Hey Z. You’re correct. I took this example from the ‘Econometrics with R’ book, and do not advocate using this approach for evaluating nonlinear relationships.

Personally, I recommend using the ‘mcgv’ package to model nonlinear relationships. However, I have had limited exposure to the ‘effects’ package.

Thanks for pointing this out!

I wasn’t referring to the polynomial being inappropriate for modeling the nonlinear effect of age, that is ok in this application. (And it certainly would also be ok to use a smooth GAM here, depending on what exactly you want to learn from the model.) The point was that in the linear predictor a * age + b * age^2 taking the derivative with respect to age yields a + 2 * b * age. Thus, it doesn’t make sense to take one derivative with respect to age (yielding a) and another one with respect to age^2 (yielding b), although this is often done in practice.

Now back at the computer (rather than just my mobile phone), I can also give a complete example for the effects visualization:

data(“SwissLabor”, package = “AER”)

m <- glm(participation ~ income + education + poly(age, 2, raw = TRUE) +

youngkids + oldkids + foreign, data = SwissLabor, family = binomial)

library("effects")

plot(allEffects(m), ask = FALSE, rescale.axis = FALSE)

The model m has the same coefficients as the age + I(age^2) approach but the effects package understands that both pertain to the same variable age. Furthermore, the visualization shows that for some regressors a "typical" slope as computed by marginal effects is ok while for other regressors (e.g., youngkids), the slope changes considerably over the range of "typical" values of the regressors.

Both aspects will be pointed out in more detail in the next edition of the AER book.

For more details on the effects package, see http://www.jstatsoft.org/v08/i15/ and http://www.jstatsoft.org/v32/i01/.

Thanks for the response Z. My previous response is somewhat ambiguous. I should have been clear — I agree that polynomials are not inappropriate for modeling nonlinear relationships, but an interpretation of their marginal effects requires extra consideration.

I must familiarize myself with the ‘effects package’. Another blogpost await I think!

Looking forward to the next AER book 🙂

Just one quick question, is the predict(x,…) on lines 15 and 16 supposed to be predixt(x1,…)?

Fixed. Good spot. Thanks!

Hi, I was just wondering – could you adapt this to multinomial logistic regression somehow? I am in the progress of trying (unsuccessfully) to convert the code – but hoping that maybe someone smarter would have some helpful suggestions! thanks so much in advance and the code is great, btw 🙂

Hi! Thanks for the comment. I am not familiar with multinomial models. However, I want to help you. Let me read up on this, and I will email you back.
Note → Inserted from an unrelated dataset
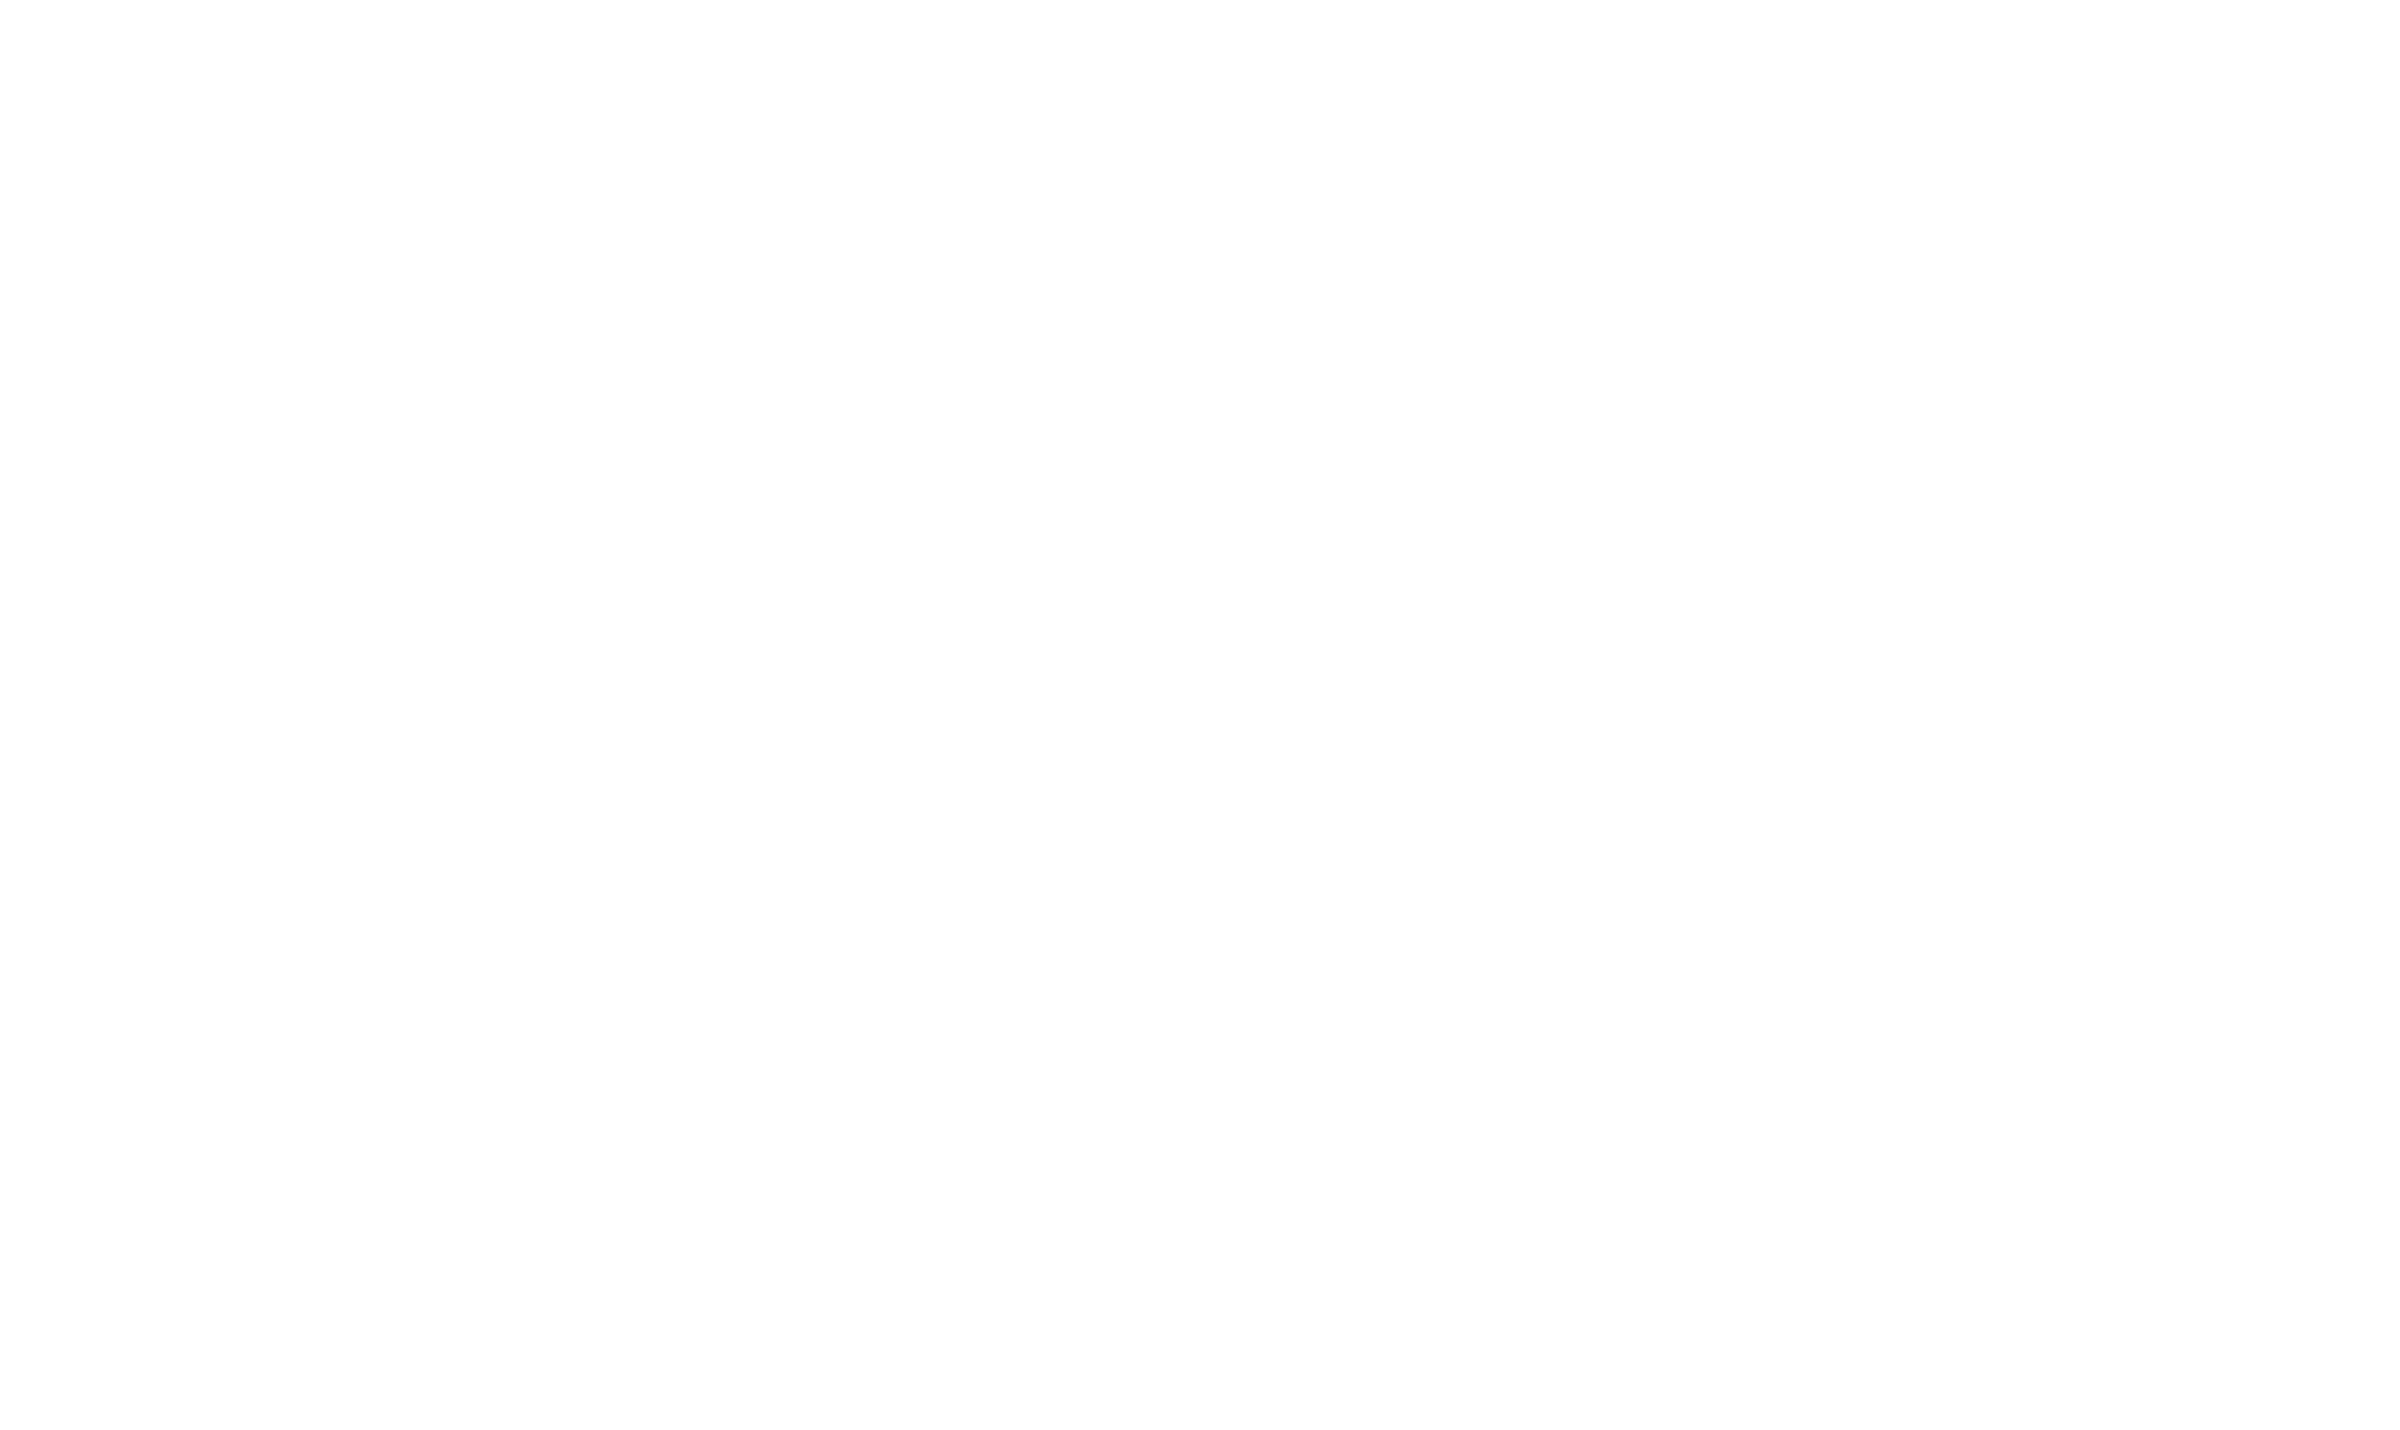 cannes-film-festival-logo-logo-black-and-white

Actually, have you seen the mlogit package? Looks like you can calculate marginal effects with the effects() function.

http://cran.r-project.org/web/packages/mlogit/

Hi! Wow, thanks for the quick reply. I in fact new of th package, but didn’t realize it has a command for marginal effects. Whooops. If I manage to do a bootstrap with it, just as you demonstrated with the logit/probit, I’ll let you know… Best

“knew” of course and not “new”

Hi again, sorry for the late reply but here is some code that takes the example marginal effects calculation from the mlogit package example, and runs this procedure through a bootstrapping function with the package boot. Hopefully, this will help you.

library(mlogit)

library(boot)

# function to obtain regression weights

data(“Fishing”, package = “mlogit”)

Fish <- mlogit.data(Fishing, varying = c(2:9), shape = "wide", choice = "mode")

m <- mlogit(mode ~ price | income | catch, data = Fish)
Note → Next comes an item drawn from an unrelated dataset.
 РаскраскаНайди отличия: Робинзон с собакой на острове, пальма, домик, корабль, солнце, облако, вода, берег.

z <- with(Fish, data.frame(price = tapply(price, index(m)$alt, mean),

catch = tapply(catch, index(m)$alt, mean),

income = mean(income)))

# compute the marginal effects (the second one is an elasticity

effects(m, covariate = "income", data = z)
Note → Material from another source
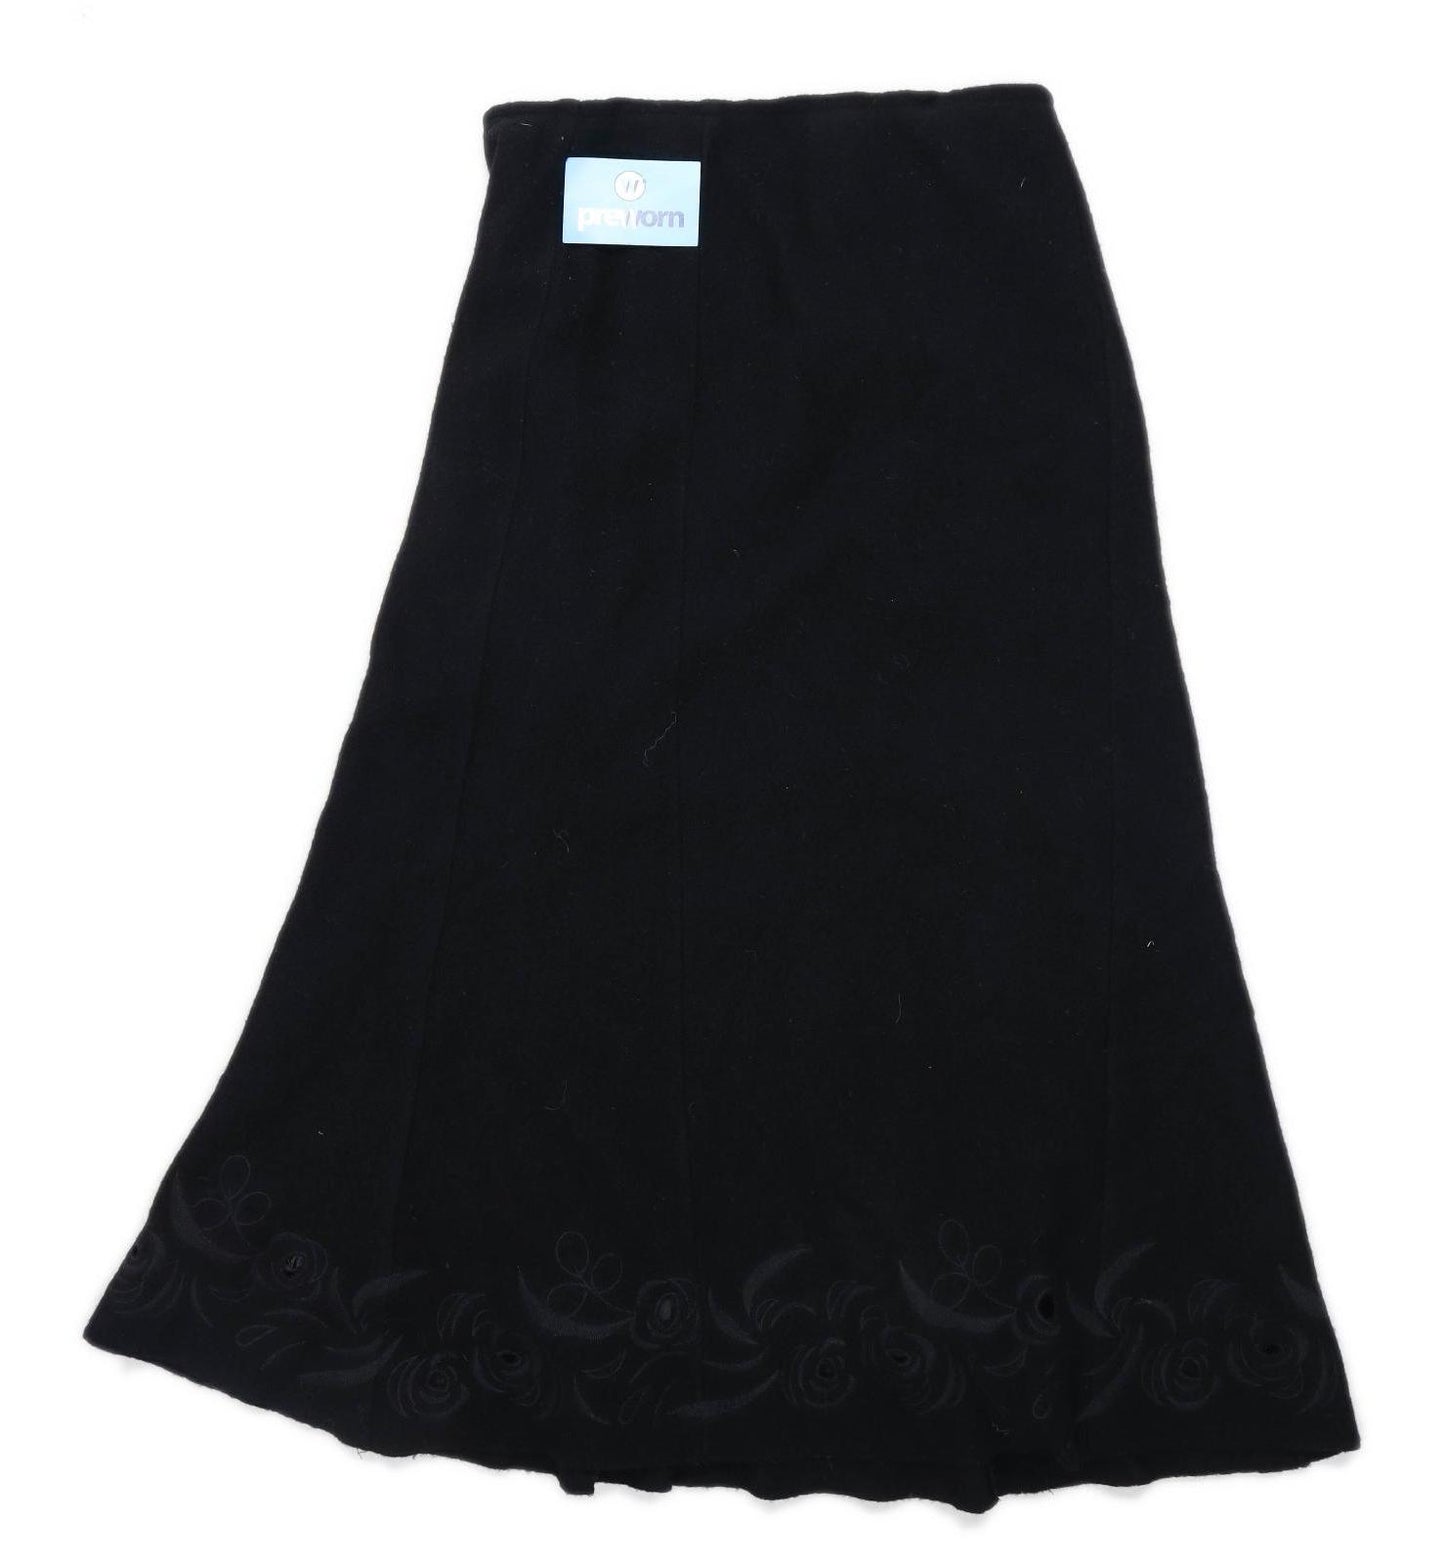 Alex & Co Womens Size 10 Wool Blend Black Skirt (Regular)

bs <- function(formula, data, indices) {

d <- data[indices,] # allows boot to select sample

mfx <- effects(formula, covariate = "income", data = d)

return(mfx)

}

boot(data=z, statistic=bs, R=1000, formula=m)

I modified some of this code to do some of the things I needed, and had a couple suggestions. First, while (I assume) glm() passes the dataframe in the “data=” argument to the actual glm function, many other functions like tobit() won’t do this–tobit(modform, data=mydata) merely instructs the survival package to look for a global dataframe called mydata. This means two things: 1) the dataframe you pass to mfxboot needs to be a global object, and 2) samp1 also needs to be made a global object,which is easy if you just add an extra carat: “samp1<<-mydata[sample(),]"

A bigger concern I have though is that this function merely calculates the average of the marginal effects for the data as given. It would be better to generalize the function to allow it to calculate marginal effects that are local to specific values of the regressors–for example, the average marginal effect for just women rather than for men and women. If I did it right, this merely requires modifying the use of the predict() function, which takes a "newdata=" argument where you can input data with specified characteristics to make the predictions on.

Hi Matthew,

Please see this package: http://cran.r-project.org/web/packages/mfx/index.html.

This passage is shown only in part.